Air dengan penampilan keruh atau tidak tembus pandang  dapat dipastikan memiliki tingkat atau kadar kekeruhan yang tinggi, sementara air yang jernih atau tembus pandang pasti memiliki kadar kekeruhan lebih rendah. Nilai kekeruhan yang tinggi dapat disebabkan oleh partikel yang terlarut dalam air seperti lumpur, tanah liat, mikroorganisme, dan material organik.

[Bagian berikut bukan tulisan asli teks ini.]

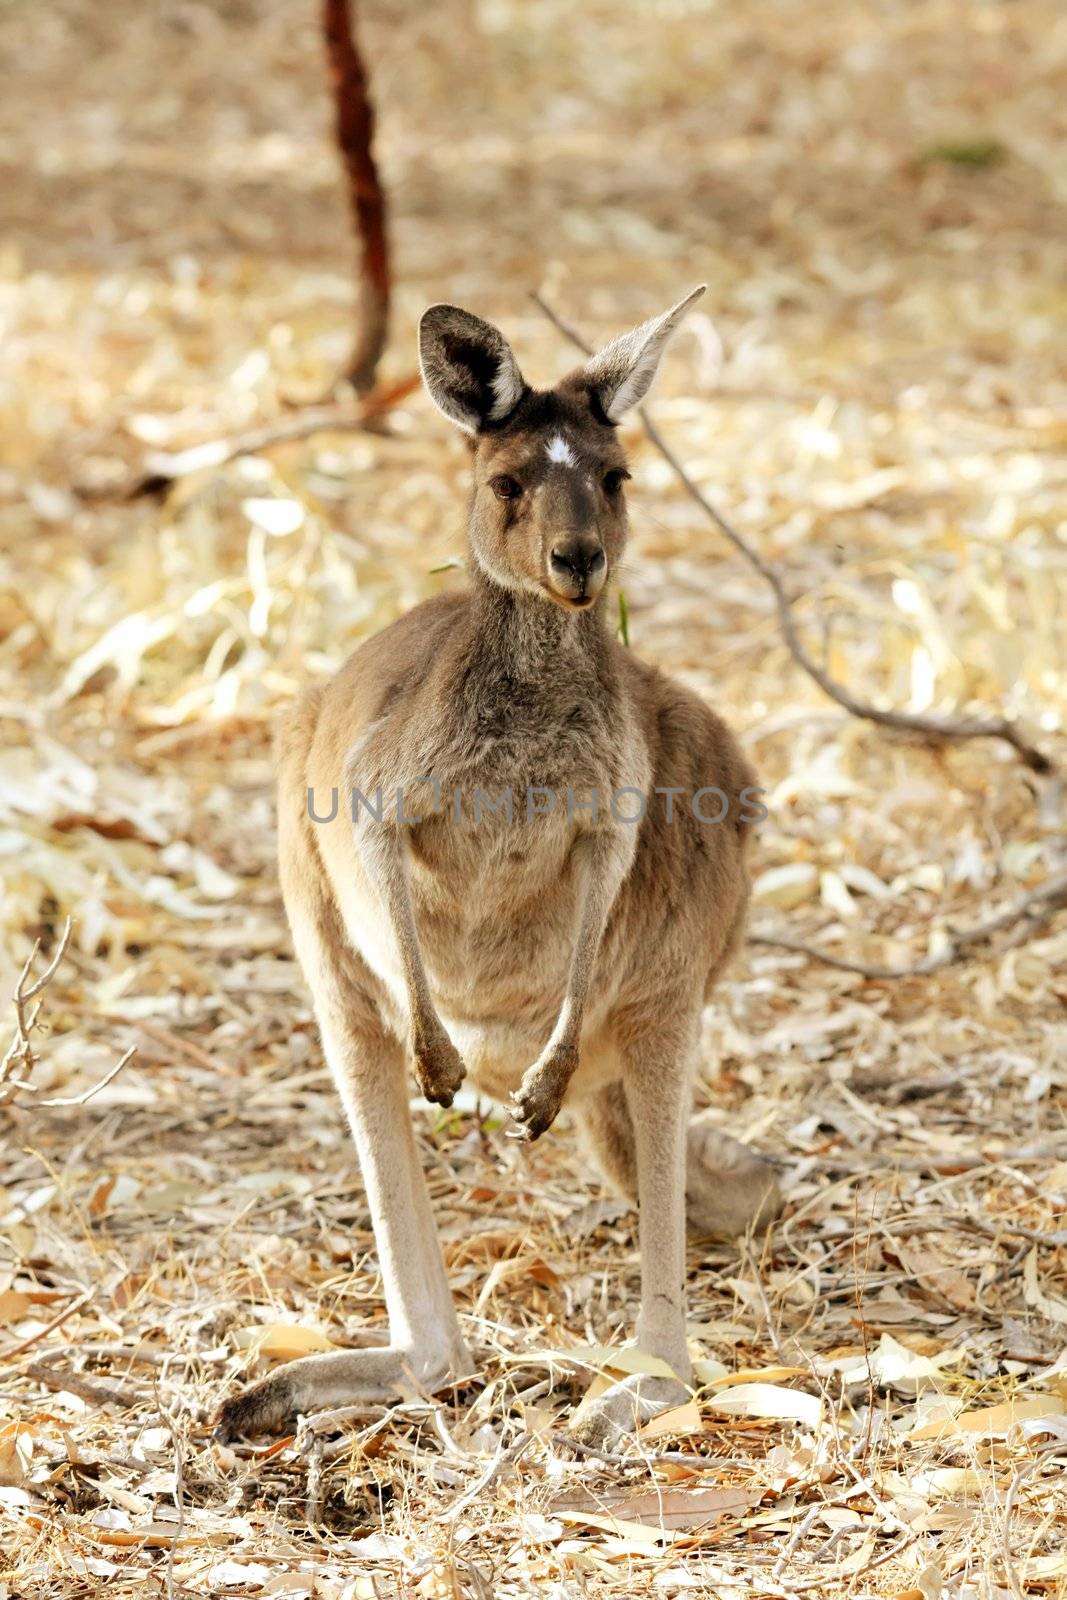 Cute Young Kangaroo by kentoh

Berdasarkan keterangan diatas, kekeruhan bukan merupakan ukuran langsung dari partikel-partikel akan tetapi merupakan suatu ukuran bagaimana sebuah partikel menghamburkan cahaya dalam suatu cairan[1].

2. Prinsip Pengukuran Kekeruhan

Pengukuran atau analisa kekeruhan dan kejernihan pada air sangat penting dalam proses industri, seperti pada produksi air minum atau minuman, pengolahan makanan, dan instalasi  pengolahan air minum. Serta dalam pengolahan sumber air bersih. Dalam proses pengolahan dan produksi air minum, nilai kekeruhan dapat dijadikan sebagai indikator keberadaan bakteri patogen, atau partikel yang dapat melindungi organisme berbahaya dari proses desinfeksi. Oleh sebab itu, pengukuran tingkat kekeruhan sangat berguna untuk instalasi pengolahan air untuk memastikan kebersihannya. Pada proses industri, kekeruhan dapat menjadi bagian dari Quality Control untuk memastikan efisiensi dalam pengolahan atau proses industri terkait[1].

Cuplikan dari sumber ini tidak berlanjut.